_Instructions to follow_
Please retype only the lines below that run from the one containing "Pair of earrings in 9 carats yellow gold." through the last line, both included, without altering a word.

_Provided data_
========================

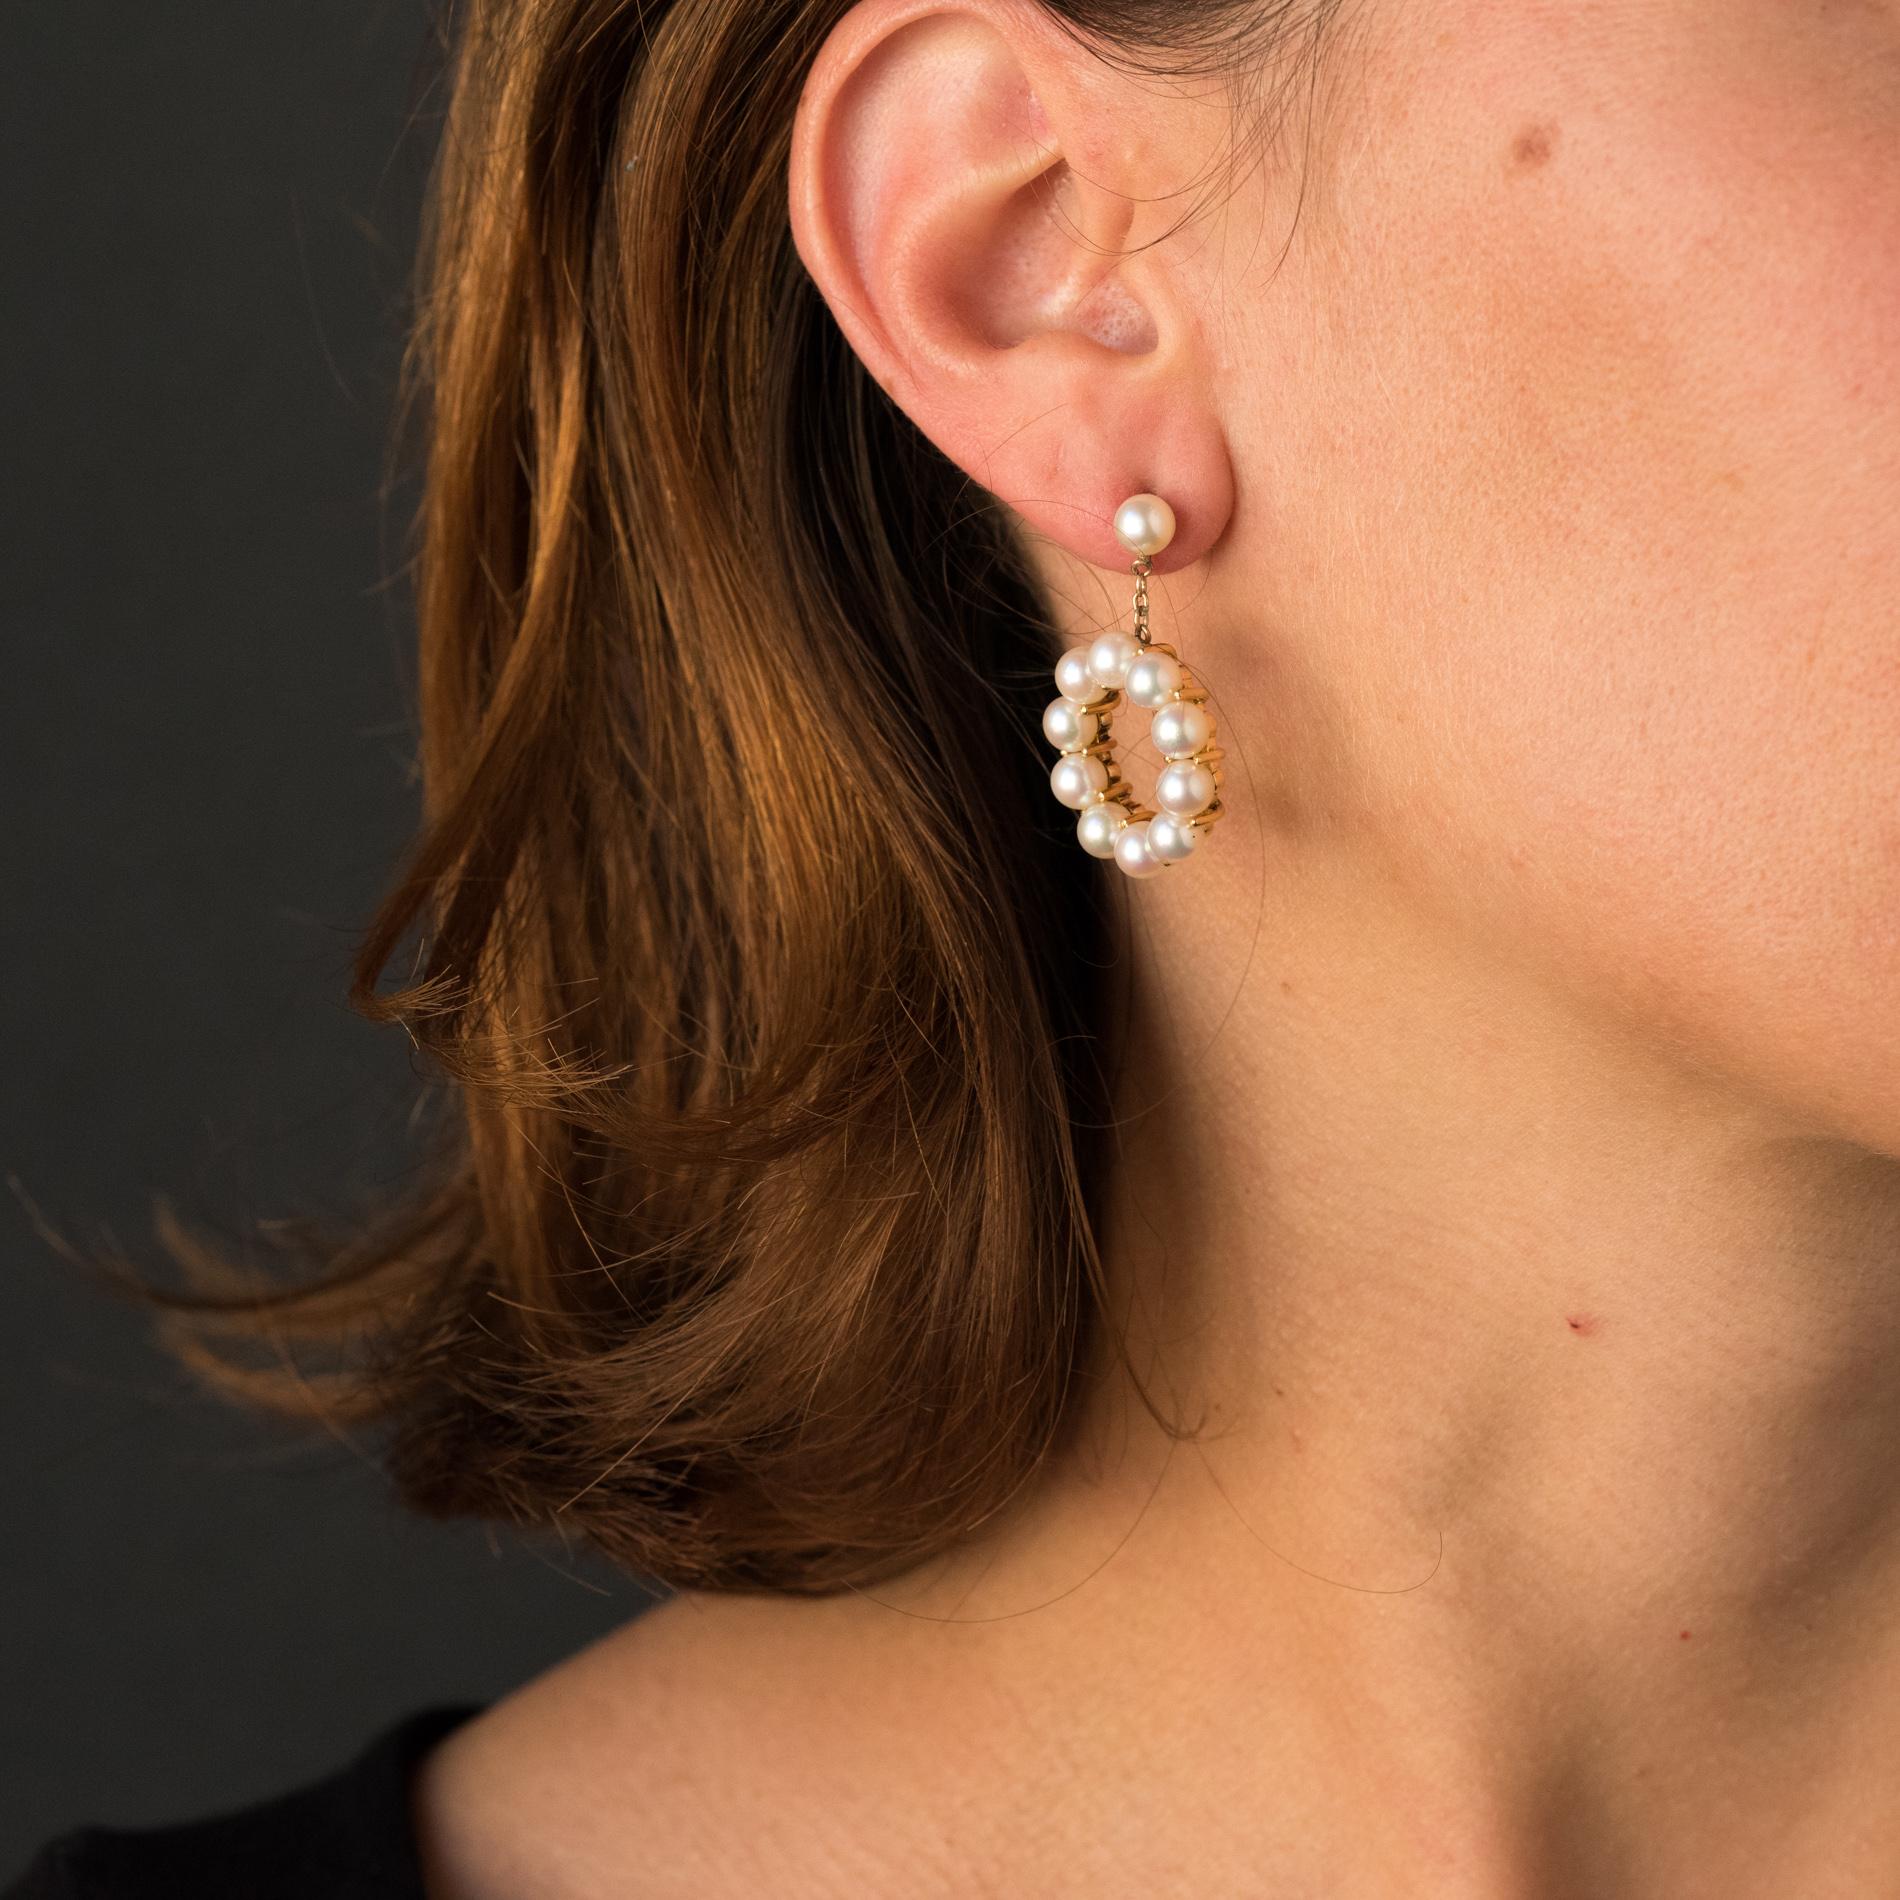 For pierced ears.
Pair of earrings in 9 carats yellow gold.
Each earring is composed of a cultured pearl, which holds by a chain, a circle adorned with cultured pearls set on all its turn. The pearls of these retro earrings have a pearly white

========================

_Response below_
Pair of earrings in 9 carats yellow gold.
Each earring is composed of a cultured pearl, which holds by a chain, a circle adorned with cultured pearls set on all its turn. The pearls of these retro earrings have a pearly white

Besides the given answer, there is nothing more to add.